===== DATA EXCERPT

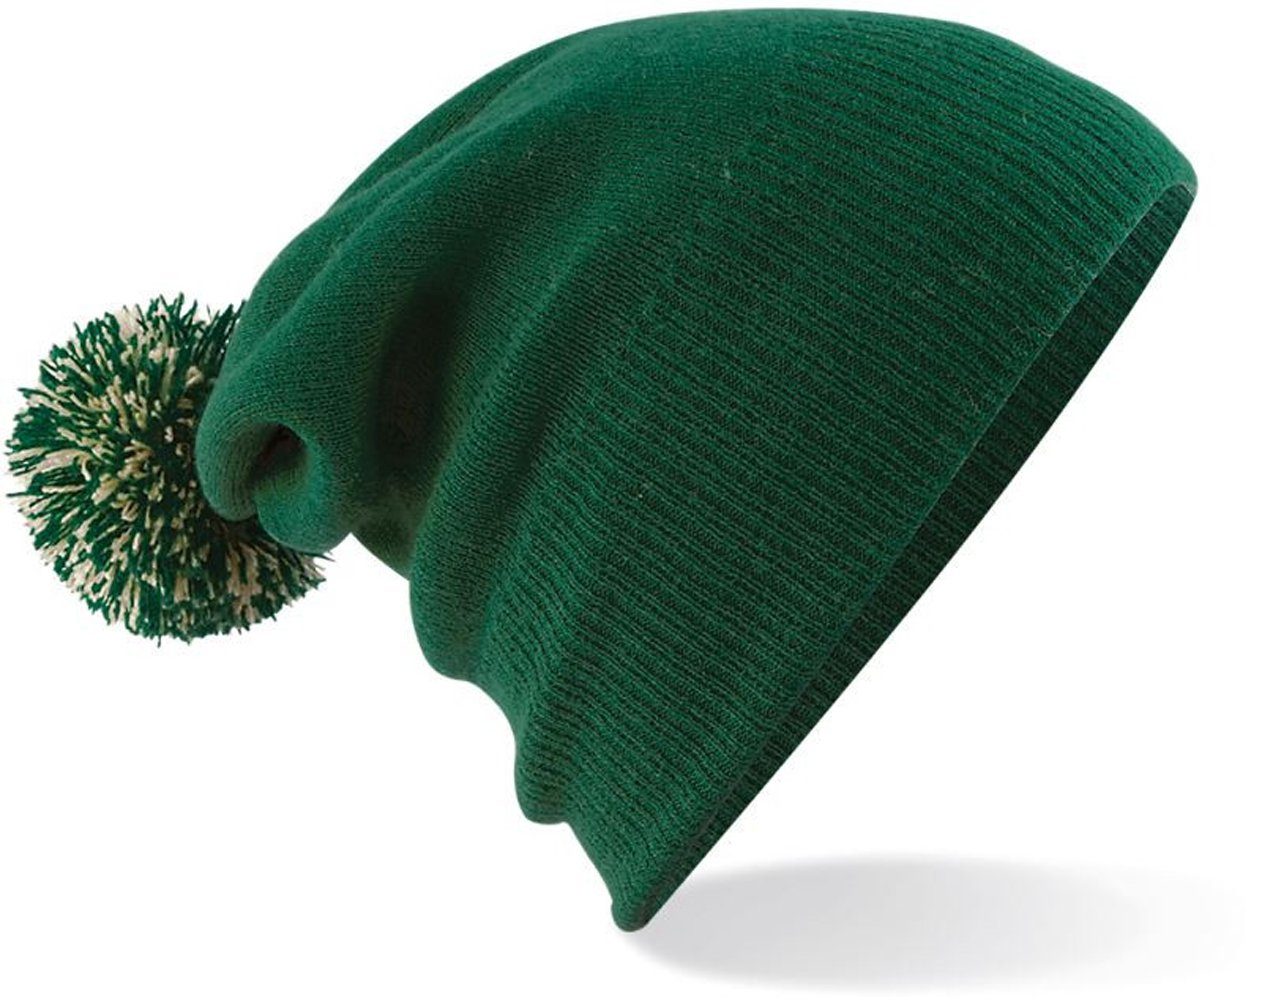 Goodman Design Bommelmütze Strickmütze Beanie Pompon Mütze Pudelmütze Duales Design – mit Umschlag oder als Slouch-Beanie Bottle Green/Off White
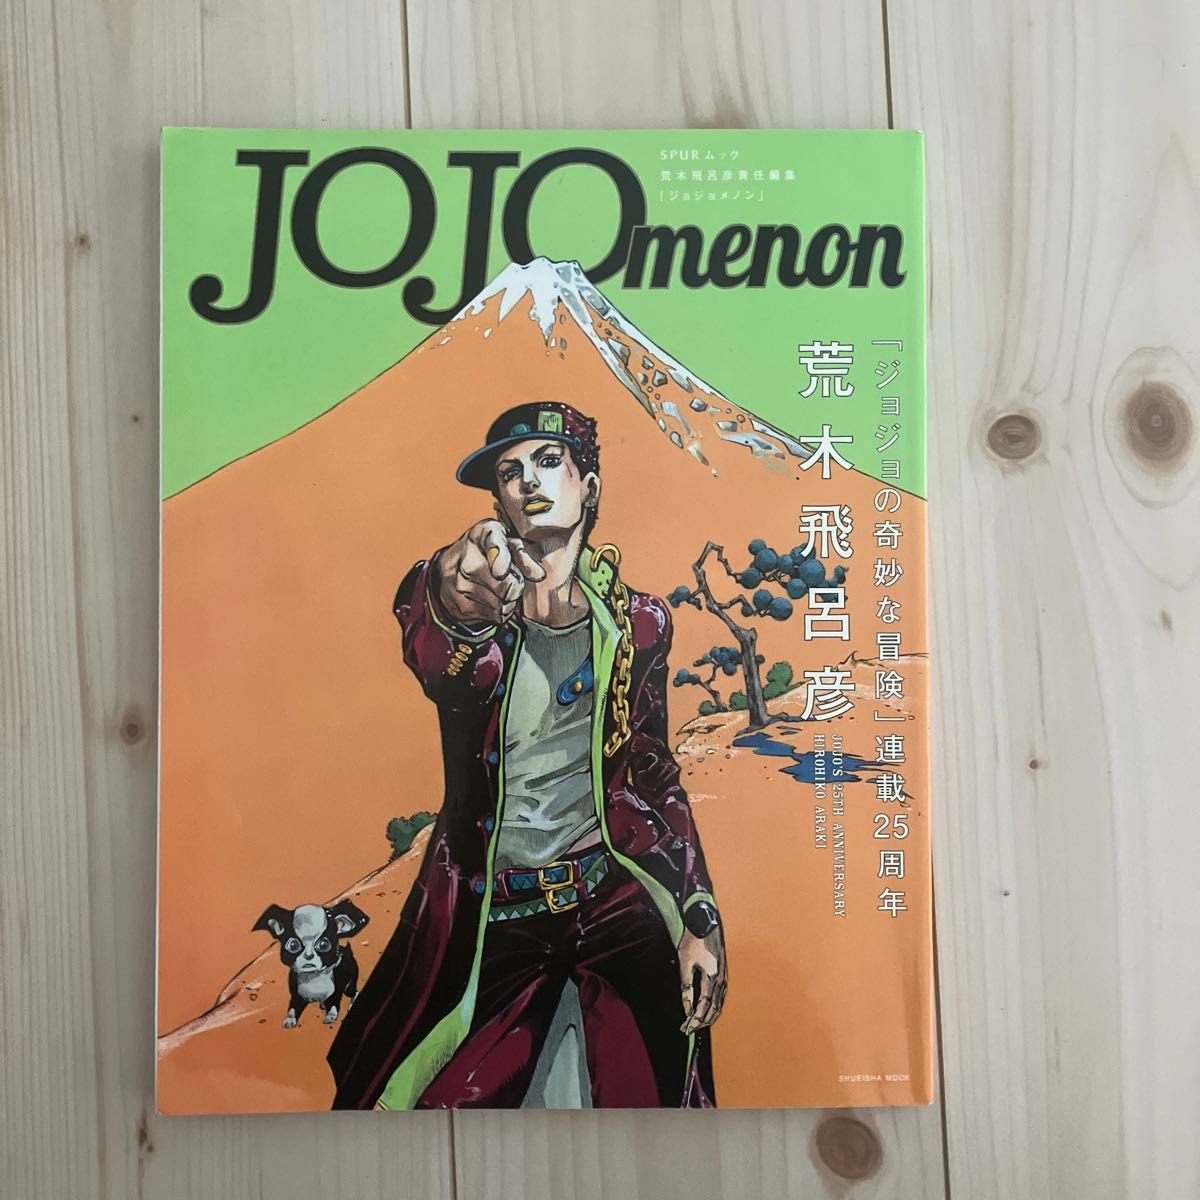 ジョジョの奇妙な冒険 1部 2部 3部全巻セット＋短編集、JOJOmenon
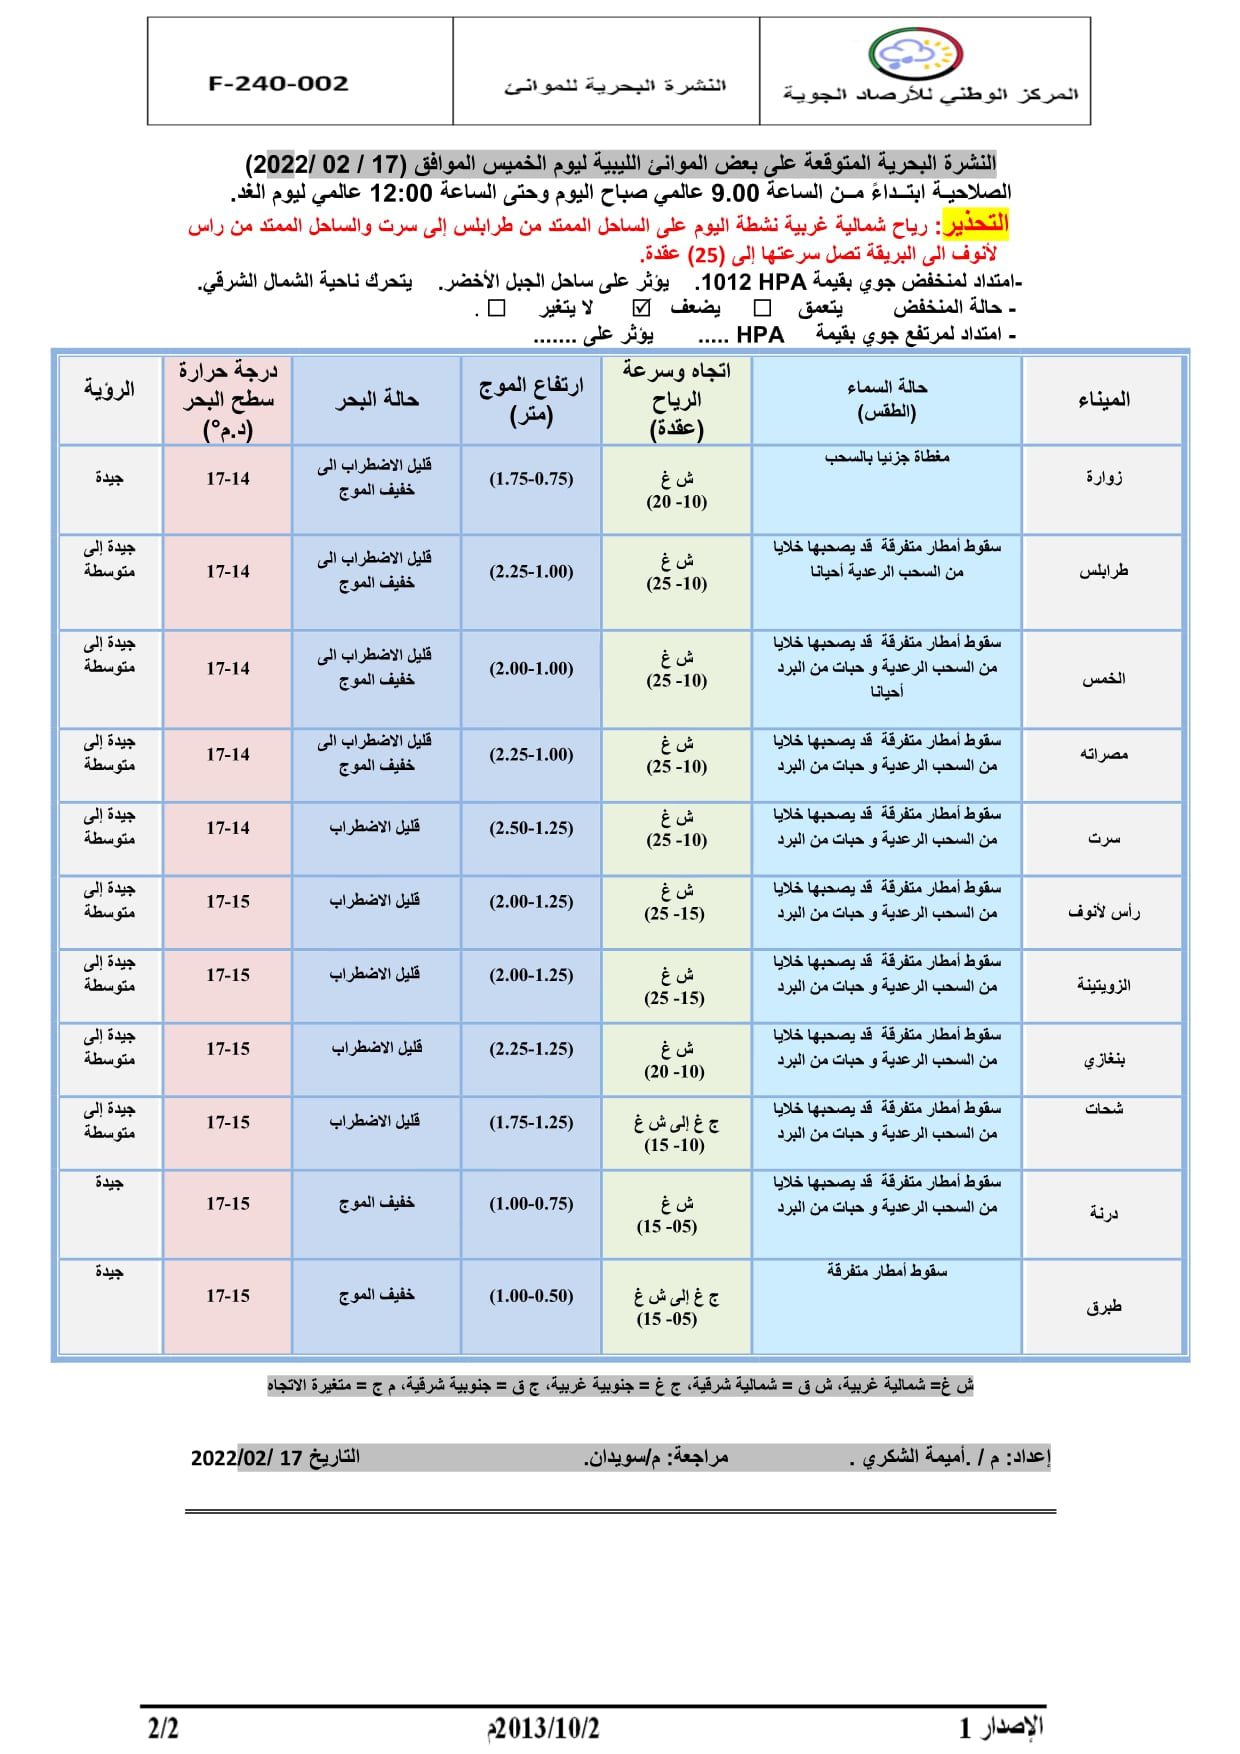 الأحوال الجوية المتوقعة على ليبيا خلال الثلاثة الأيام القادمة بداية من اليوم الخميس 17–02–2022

==========

Everything in the listing is to be returned word for word, except the pictures.

## RESPONSE BELOW
 Goodman Design Bommelmütze Strickmütze Beanie Pompon Mütze Pudelmütze Duales Design – mit Umschlag oder als Slouch-Beanie Bottle Green/Off White
 ジョジョの奇妙な冒険 1部 2部 3部全巻セット＋短編集、JOJOmenon
 الأحوال الجوية المتوقعة على ليبيا خلال الثلاثة الأيام القادمة بداية من اليوم الخميس 17–02–2022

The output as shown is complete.